[slurm-dev] Re: Removing Job from Slurm Database

2014-04-22 Thread Paul Edmon

Well more like the naive ones namely:

sacctmgr delete job JobID

How do you set the endtime?  Do you do that via scontrol?

-Paul Edmon-


On 04/21/2014 10:14 PM, Danny Auble wrote:

What are the obvious ones?

I would expect setting the end time to the start time and state to 4 
(I think that is a completed state) should do it.





On April 21, 2014 6:54:22 PM PDT, Paul Edmon ped...@cfa.harvard.edu 
wrote:


Sure I can hunt that info down.  So what would be the command to remove
the job from the DB?  I tried the obvious ones I could think of but with
not effect.

-Paul Edmon-

On 4/21/2014 4:31 PM, Danny Auble wrote:

Paul, you should be able to remove the job with no issue.

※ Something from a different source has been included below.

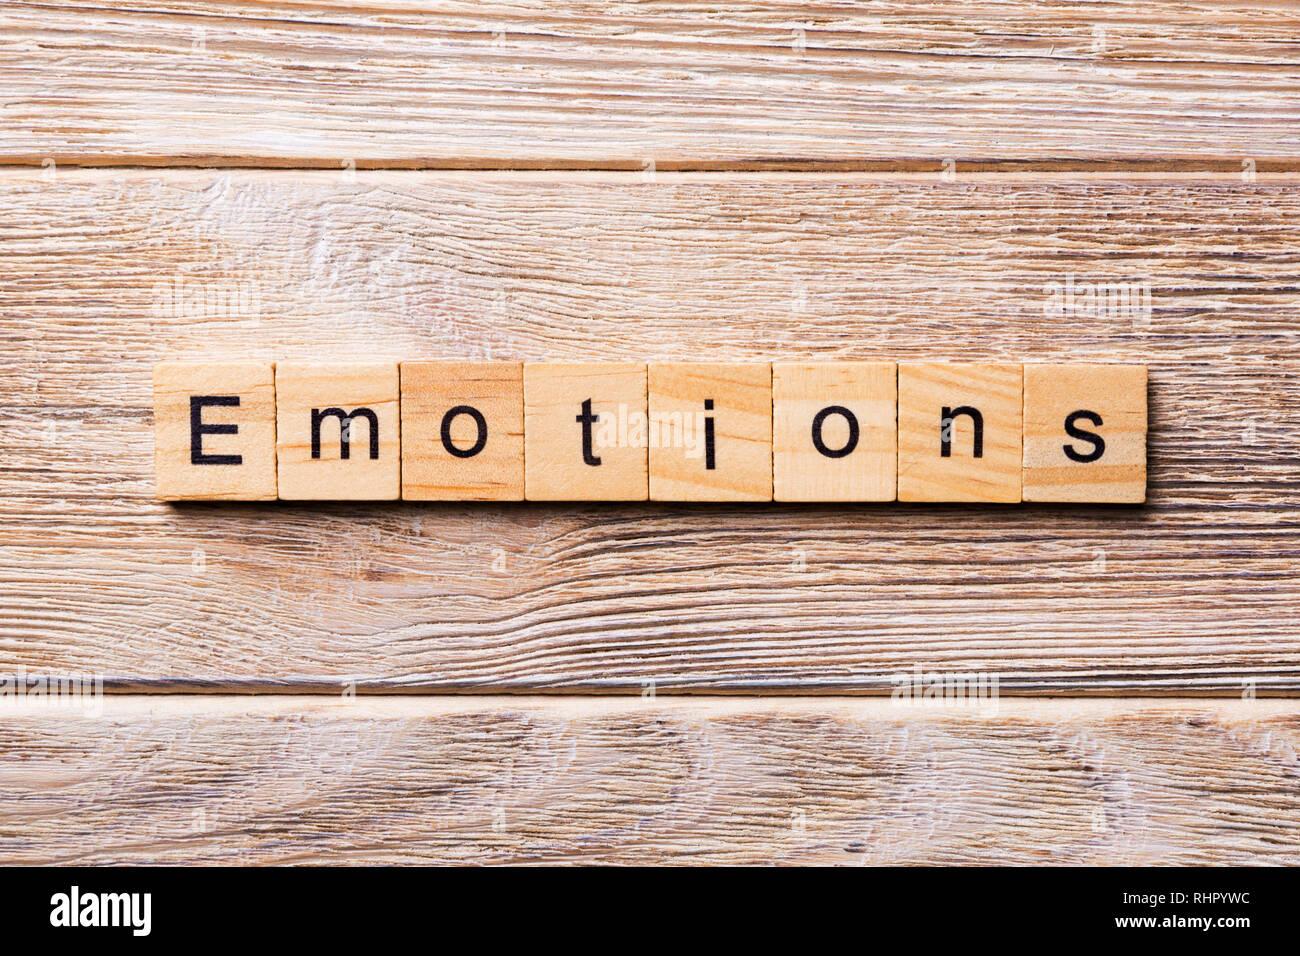 Emozioni parola scritta sul blocco di legno. Emozioni testo sul tavolo in legno per il desing, concetto. Immagini Stock

The
real question is why is it still running in the database
instead of completed. If you happen to have any logs on the
job and the information from the database it would be nice to
look at since what you are describing shouldn't be possible. I
know others have seen this before but no one has found a
reproducer yet or any evidence on how the state was achieved.
Let me know if you have anything like this. Thanks, Danny On
04/21/14 13:05, Paul Edmon wrote:

Is there a way to delete a JobID and it's relevant data
from the slurm database? I have a user that I want to
remove but there is a job which slurm thinks is not
complete that is preventing me. I want slurm to just
remove that job data as it shouldn't impact anything.
-Paul Edmon- 





[slurm-dev] Re: Removing Job from Slurm Database

2014-04-22 Thread Danny Auble
Paul I think this was covered in this thread 
https://groups.google.com/forum/#!searchin/slurm-devel/time_start/slurm-devel/nf7JxV91F40/KUsS1AmyWRYJ


The just of it is you have to go into the database and manually update 
the record.


If you know the jobid or the db_inx you can do something like this

update $CLUSTER_job_table set state=3 time_end=time_start where 
time_end=0 and id_job=$JOBID;


That should make it go away from the check.

Knowing why the job didn't finish in the database would be very good to 
know though as this shouldn't happen.


Danny

On 04/22/14 06:48, Paul Edmon wrote:

Well more like the naive ones namely:

sacctmgr delete job JobID

How do you set the endtime?  Do you do that via scontrol?

-Paul Edmon-


On 04/21/2014 10:14 PM, Danny Auble wrote:

What are the obvious ones?

I would expect setting the end time to the start time and state to 4 
(I think that is a completed state) should do it.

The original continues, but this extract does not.